Define: Population Distribution
Population Distribution refers to the spread of a characteristic or variable across an entire population
What is meant by sample?
Sample refers to a subset of a population that is selected to represent the entire population
Categorical Variable
A categorical variable is a type of variable which is character or feature-based. Any variable which is not numerical. It is qualitative (characterised by qualities or features) and descriptive in nature.
Categorical variable data types (3)
Nominal - which has no order or ranking
Binary data - Data which has exactly two possible values (eg. True, False)
Ordinal - has a natural order or ranking
Nominal data does not have a natural order or ranking (T/F)
True, it does not have a natural order or ranking.
Eg. Gender, eye colour.
Ordinal data
Ordinal data is data that has a natural order or ranking.
Eg. Education level, size (small, medium, large)
Binary Data
A type of nominal data which has exactly two possible values
Eg. A or B, Yes or No.
Numerical variable - data types (2)
Discrete and Continuous
Discrete data
Data that can only take on certain values, usually whole numbers, NOT like continuous data.
Eg.
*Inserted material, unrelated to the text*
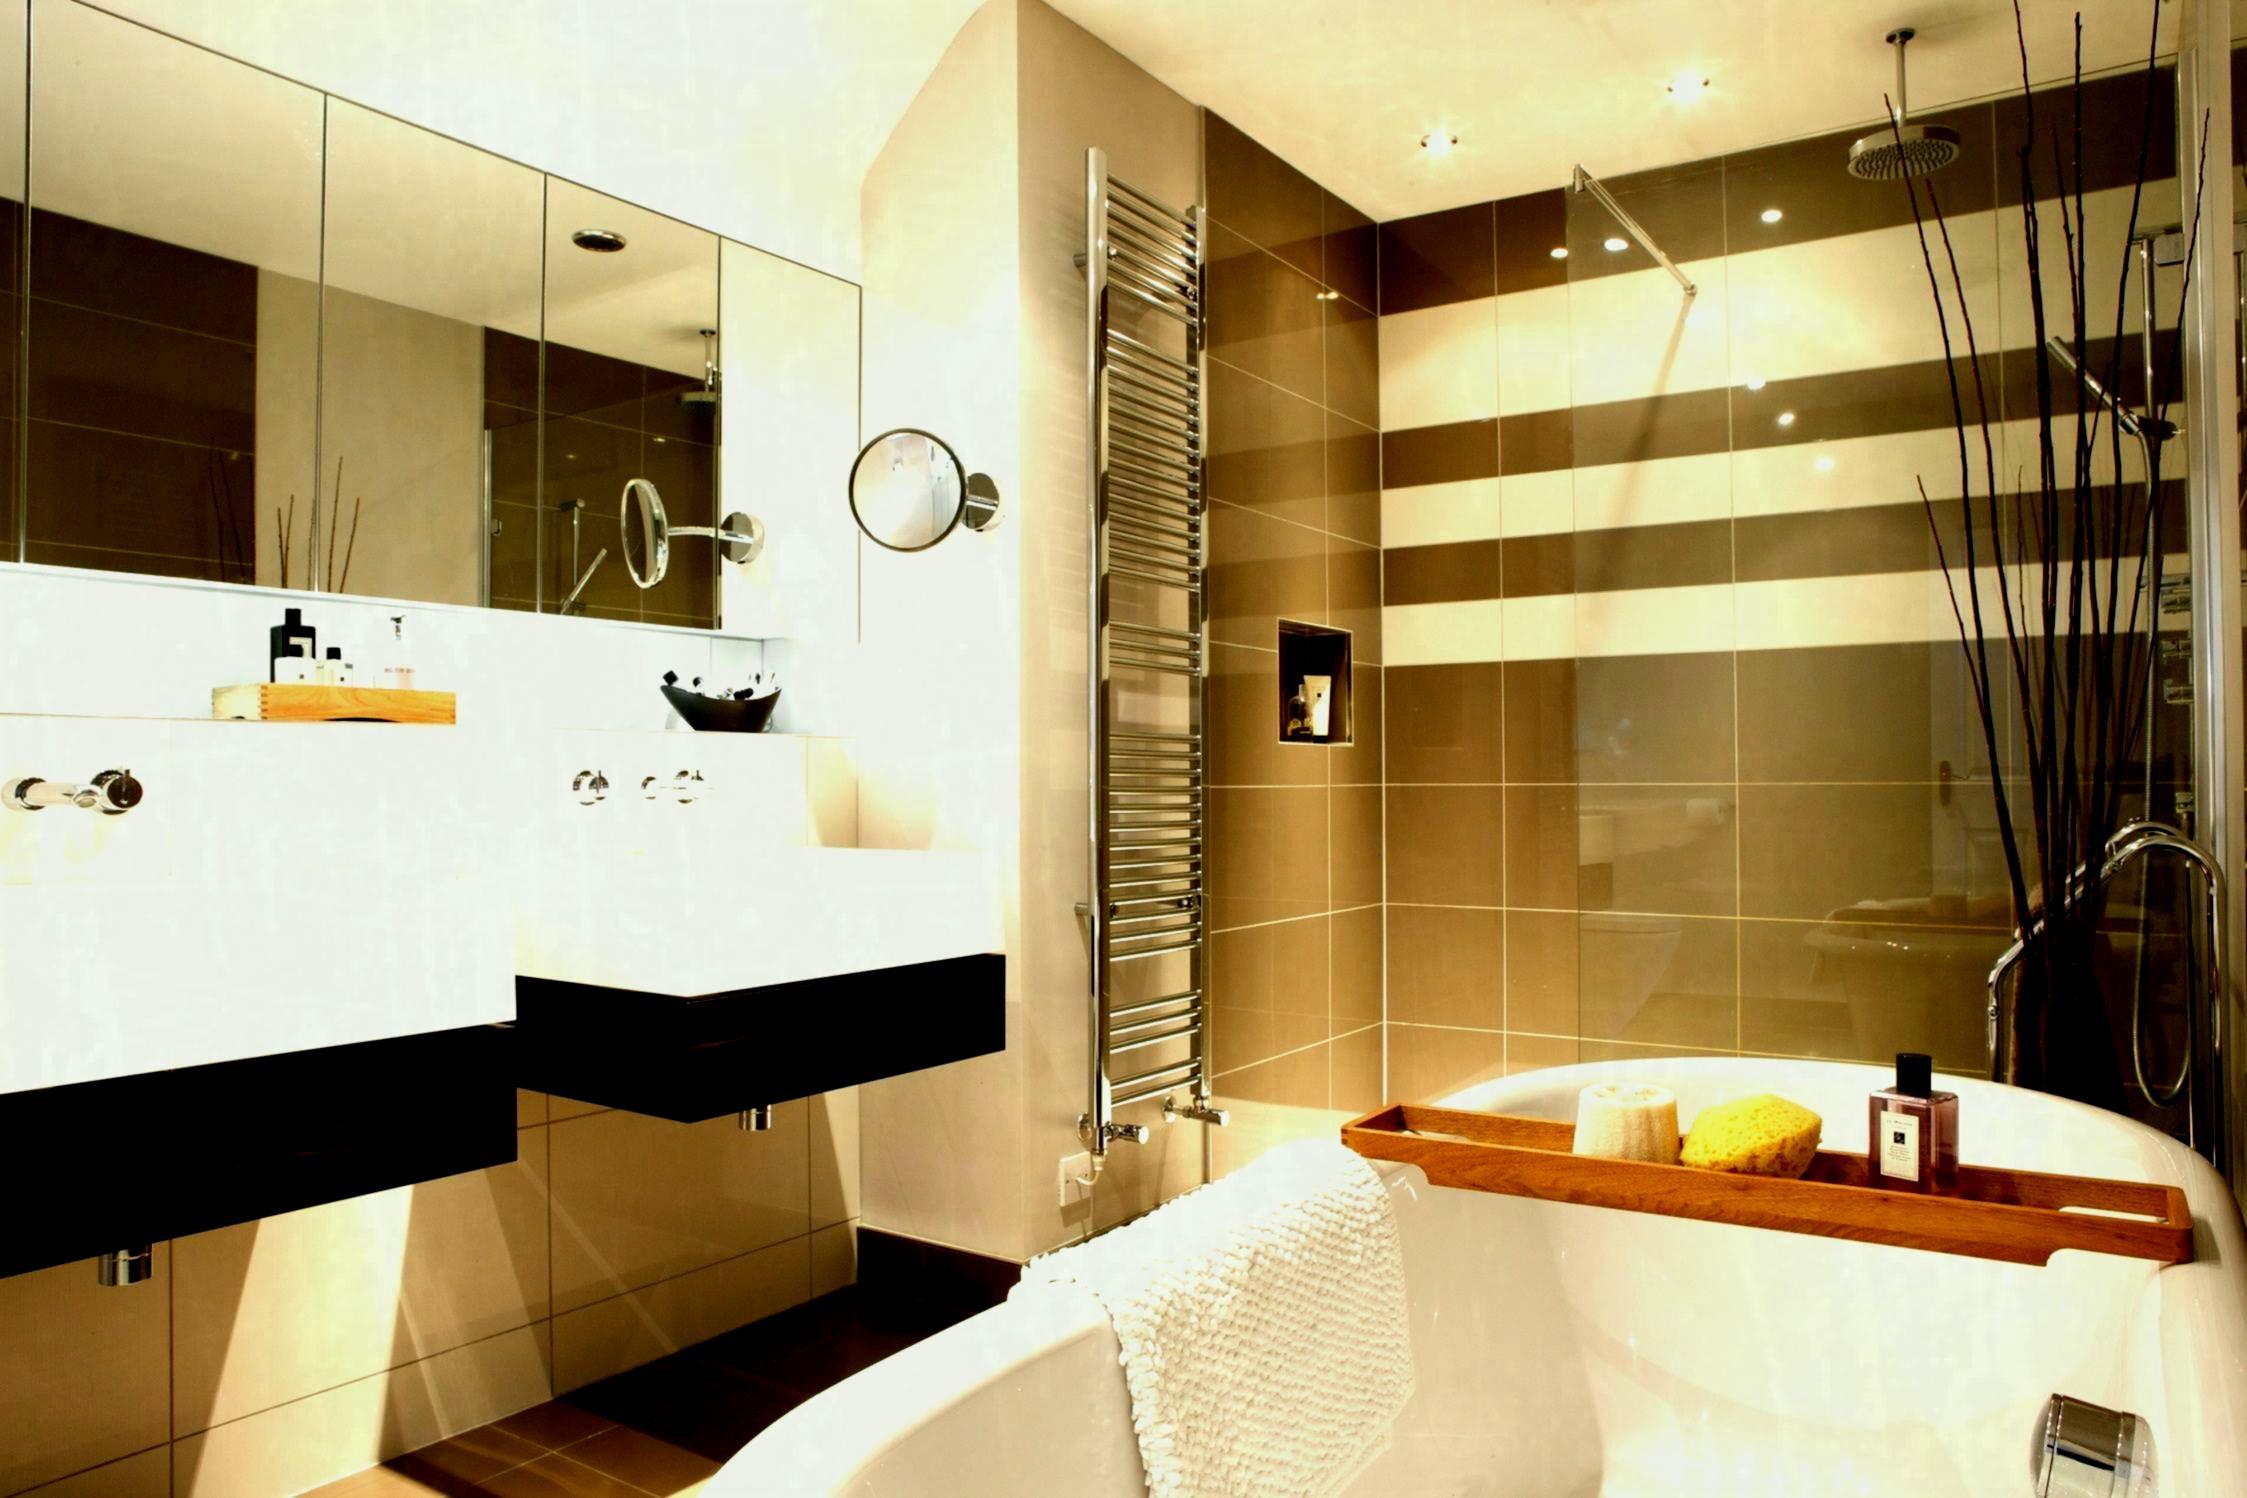 Best Bathroom Tiles Ideas Construction - Bathroom Design Ideas ...

Number of siblings
Continuous data
Continuous data is data that can take on ANY value in a range, NOT like discrete data.
Eg. Height, temperature
Data Dimension
Data dimension refers to the number of variables or features in a dataset.
“A dataset can have one, two, or more dimensions depending on the number of variables being measured.”
Data Dimension types (3)
Univariate or one-dimensional: One variable (age)
Bivariate or two-dimensional: Two variables (age vs. height)
Multivariate (three-dimensional or more): 3 or more variables (Age vs. height vs. weight)
Variable
A variable is a characteristic or attribute that can take on different values for different observations
Independent variable
An independent variable is a variable that is manipulated or controlled by the researcher in a study to measure its effect on the dependent variable/s. It is plotted on the x-axis.
Dependent variable
A dependent variable is a variable which response is being measured or predicted in a study. Plotted on the y-axis.
What are bar graphs used for?
Bar graphs are used to visualise and compare groups of categorical data, the frequency of observations, distribution of observations, and/or compare magnitudes among them.
What are bar graphs not used for? (2)
Numerical data (that is a histogram), and continuous or categories that are not independent of each other.